The growth function Pi_H(n) counts the maximum number of distinct labelings a hypothesis class H can induce on any set of n points. Since n points have 2^n possible labelings, the growth function satisfies Pi_H(n) <= 2^n. When Pi_H(n) = 2^n, the class shatters some set of n points. The Sauer-Shelah lemma provides the critical bridge: if the VC dimension is d, then Pi_H(n) <= sum_{i=0}^{d} C(n,i), which is O(n^d) — meaning the growth function transitions from exponential to polynomial at the VC dimension. This polynomial growth is what makes uniform convergence and PAC learning possible.

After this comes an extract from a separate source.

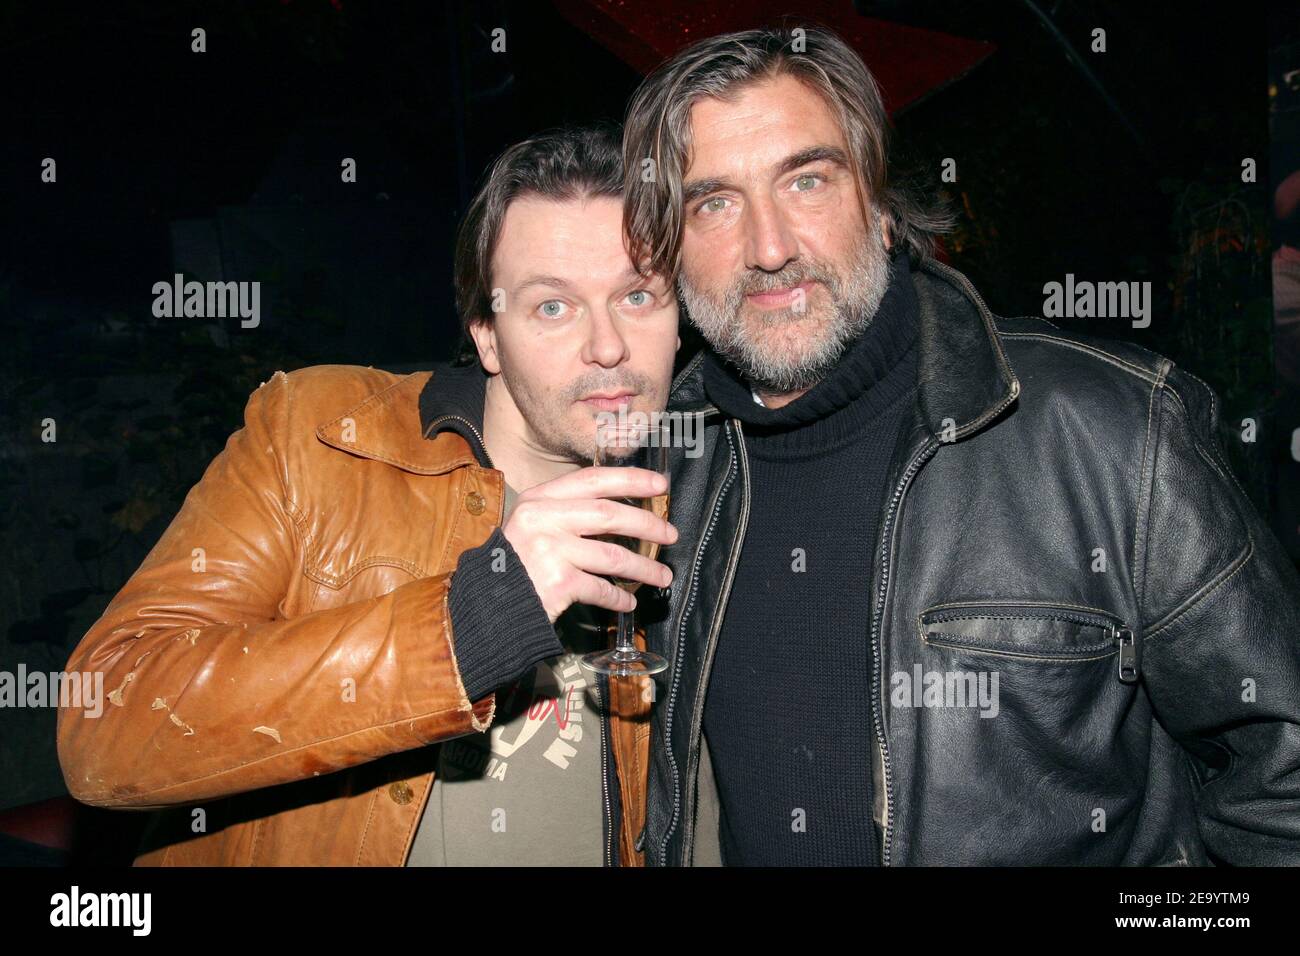 French actor and cast member Pierre-Ange Le Pogam (R) and French actor Olivier Mag at the after party for the premiere of Michel Muller's movie, 'La vie de Michel Muller est plus belle que la votre', at L'Etoile in Paris, France, on January 24, 2005. Photo by Benoit Pinguet/ABACA. Stock Photo

The growth function and the concept of shattering provide the combinatorial foundation that connects VC dimension to generalization bounds. While VC dimension gives a single number characterizing a hypothesis class, the growth function reveals the full picture of how the class's effective complexity scales with the number of data points.
For a hypothesis class H and a set of n points, consider all the ways H can label those points. Each hypothesis h in H produces a binary labeling (a restriction of h to those n points), and different hypotheses might produce the same labeling on this particular set. The growth function Pi_H(n) is the maximum, over all possible sets of n points, of the number of distinct labelings H can produce. When Pi_H(n) = 2^n — every possible labeling is achievable — we say H shatters some set of n points. The VC dimension is the largest n for which this happens.
The Sauer-Shelah lemma (proved independently by Sauer, Shelah, and Vapnik-Chervonenkis) reveals a remarkable phase transition. If H fails to shatter any set of d+1 points (VC dimension is d), then the growth function cannot simply decrease gradually — it collapses from exponential to polynomial: Pi_H(n) <= sum_{i=0}^{d} C(n,i), which is at most (en/d)^d = O(n^d). There is no middle ground. Either the class shatters sets of every size (infinite VC dimension, exponential growth function) or it eventually stops shattering and the growth function becomes polynomial. This dichotomy is sometimes called the "shattering lemma" or "Vapnik-Chervonenkis lemma."
This polynomial bound is what makes learning theory work. The key proof technique for generalization bounds — uniform convergence — requires controlling the probability that any hypothesis in the class has a large gap between training and true error. The effective number of hypotheses to control is not the total number (which may be infinite, as with all linear classifiers) but the growth function — the number of distinct behaviors on the sample. If this number is polynomial in n, a union bound argument succeeds: each individual hypothesis is unlikely to have a large gap, and with only polynomially many to check, the probability that any one of them has a large gap remains small. If the growth function were exponential, the union bound would fail, and no finite sample could provide uniform convergence. The exponential-to-polynomial transition at the VC dimension is therefore the exact boundary of learnability.